Correlation Between Sunndal Sparebank and Gyldendal ASA
Can any of the company-specific risk be diversified away by investing in both Sunndal Sparebank and Gyldendal ASA at the same time? Although using a correlation coefficient on its own may not help to predict future stock returns, this module helps to understand the diversifiable risk of combining Sunndal Sparebank and Gyldendal ASA into the same portfolio, which is an essential part of the fundamental portfolio management process.
By analyzing existing cross correlation between Sunndal Sparebank and Gyldendal ASA, you can compare the effects of market volatilities on Sunndal Sparebank and Gyldendal ASA and check how they will diversify away market risk if combined in the same portfolio for a given time horizon. You can also utilize pair trading strategies of matching a long position in Sunndal Sparebank with a short position of Gyldendal ASA. Check out your portfolio center. Please also check ongoing floating volatility patterns of Sunndal Sparebank and Gyldendal ASA.

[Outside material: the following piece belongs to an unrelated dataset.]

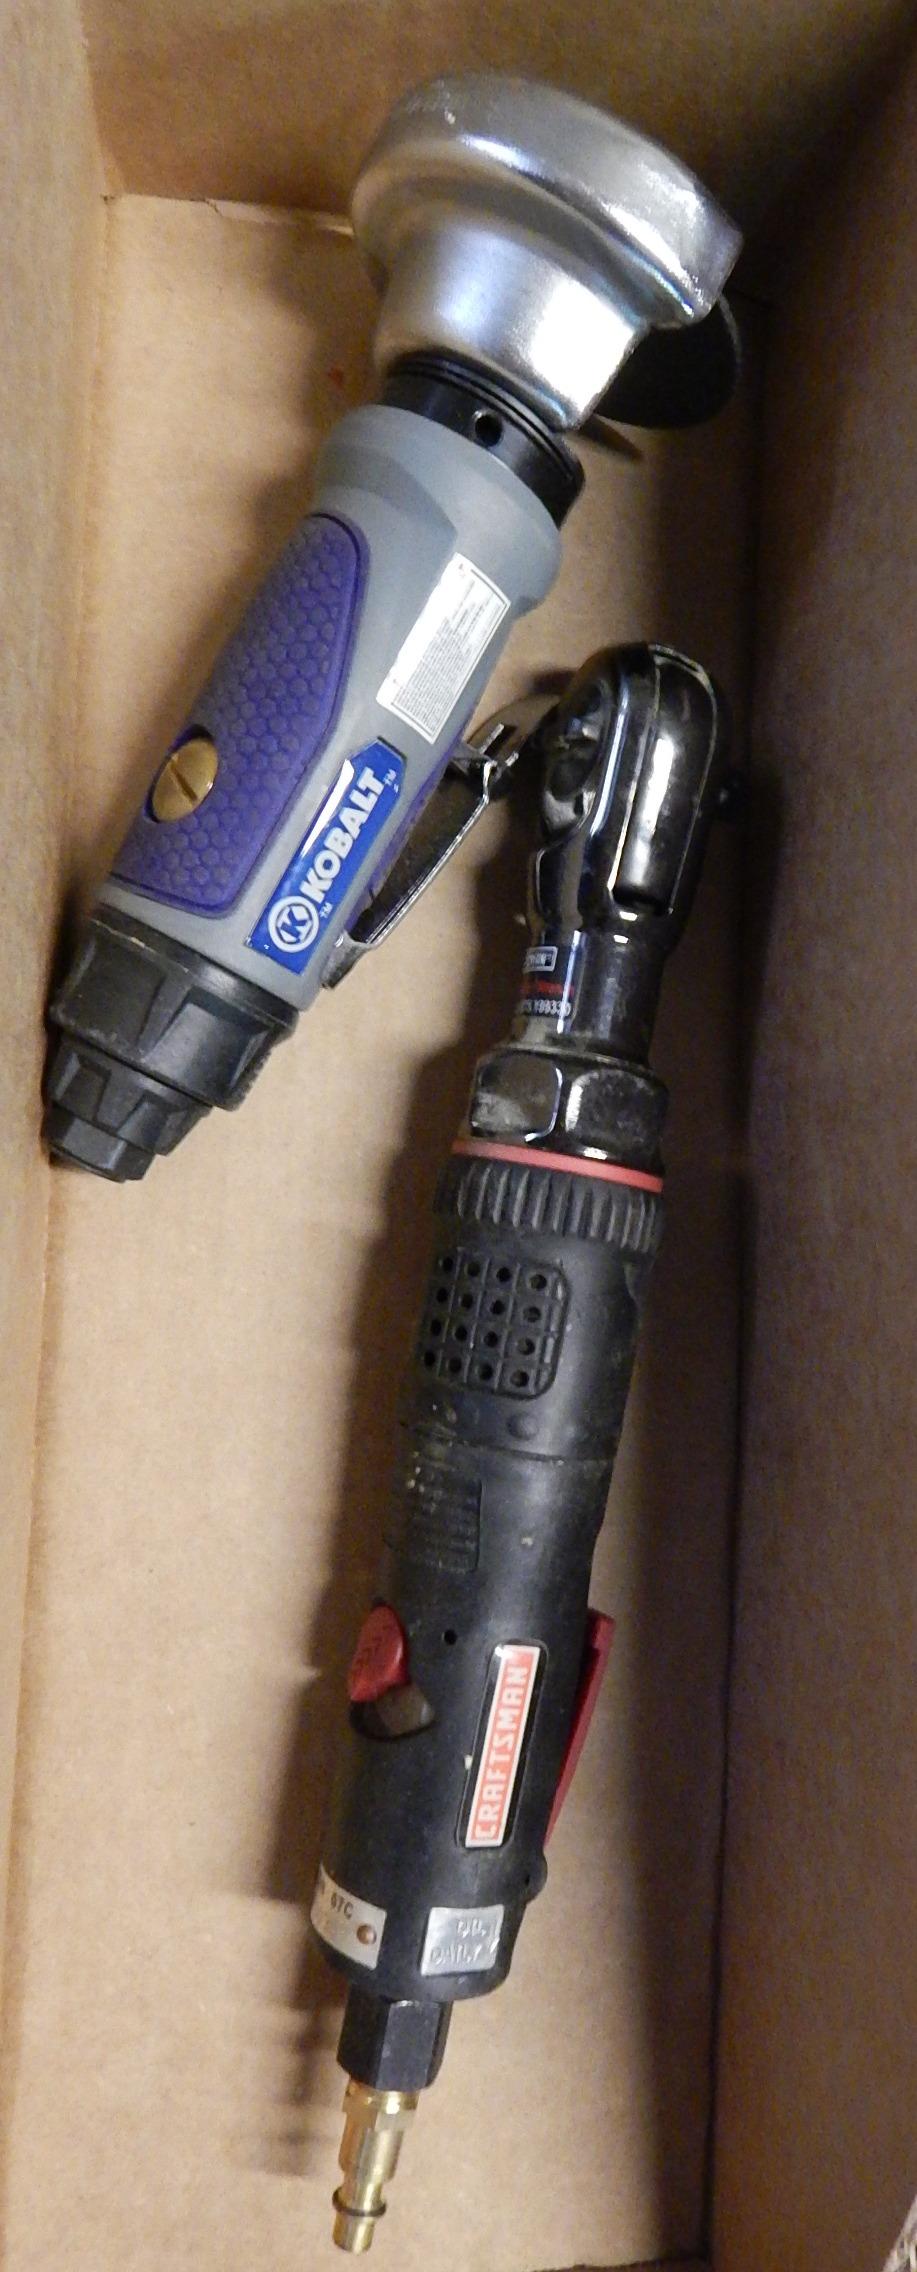 Lot 31 - Kobalt Pneumatic Grinder and Craftsman Pneumatic Ratchet

Diversification Opportunities for Sunndal Sparebank and Gyldendal ASA
-0.54 | Correlation Coefficient |
Excellent diversification
The 3 months correlation between Sunndal and Gyldendal is -0.54. Overlapping area represents the amount of risk that can be diversified away by holding Sunndal Sparebank and Gyldendal ASA in the same portfolio, assuming nothing else is changed. The correlation between historical prices or returns on Gyldendal ASA and Sunndal Sparebank is a relative statistical measure of the degree to which these equity instruments tend to move together. The correlation coefficient measures the extent to which returns on Sunndal Sparebank are associated (or correlated) with Gyldendal ASA. Values of the correlation coefficient range from -1 to +1, where. The correlation of zero (0) is possible when the price movement of Gyldendal ASA has no effect on the direction of Sunndal Sparebank i.e., Sunndal Sparebank and Gyldendal ASA go up and down completely randomly.
Pair Corralation between Sunndal Sparebank and Gyldendal ASA
Assuming the 90 days trading horizon Sunndal Sparebank is expected to generate 1.09 times more return on investment than Gyldendal ASA. However, Sunndal Sparebank is 1.09 times more volatile than Gyldendal ASA. It trades about 0.03 of its potential returns per unit of risk. Gyldendal ASA is currently generating about -0.07 per unit of risk. If you would invest 11,500 in Sunndal Sparebank on August 29, 2024 and sell it today you would earn a total of 80.00 from holding Sunndal Sparebank or generate 0.7% return on investment over 90 days.
Time Period | 3 Months [change] |
Direction | Moves Against |
Strength | Very Weak |
Accuracy | 95.65% |
Values | Daily Returns |
Sunndal Sparebank vs. Gyldendal ASA
Performance |
Timeline |
Sunndal Sparebank |
Gyldendal ASA |
Sunndal Sparebank and Gyldendal ASA Volatility Contrast
Predicted Return Density |
Returns |
Pair Trading with Sunndal Sparebank and Gyldendal ASA
The main advantage of trading using opposite Sunndal Sparebank and Gyldendal ASA positions is that it hedges away some unsystematic risk. Because of two separate transactions, even if Sunndal Sparebank position performs unexpectedly, Gyldendal ASA can make up some of the losses. Pair trading also minimizes risk from directional movements in the market. For example, if an entire industry or sector drops because of unexpected headlines, the short position in Gyldendal ASA will offset losses from the drop in Gyldendal ASA's long position.Sunndal Sparebank vs. DnB ASA | Sunndal Sparebank vs. Sparebank 1 SR | Sunndal Sparebank vs. Sparebank 1 SMN | Sunndal Sparebank vs. Sparebanken Mre |
Gyldendal ASA vs. Arendals Fossekompani ASA | Gyldendal ASA vs. Byggma | Gyldendal ASA vs. AF Gruppen ASA | Gyldendal ASA vs. Medistim ASA |
Check out your portfolio center.Note that this page's information should be used as a complementary analysis to find the right mix of equity instruments to add to your existing portfolios or create a brand new portfolio. You can also try the Options Analysis module to analyze and evaluate options and option chains as a potential hedge for your portfolios.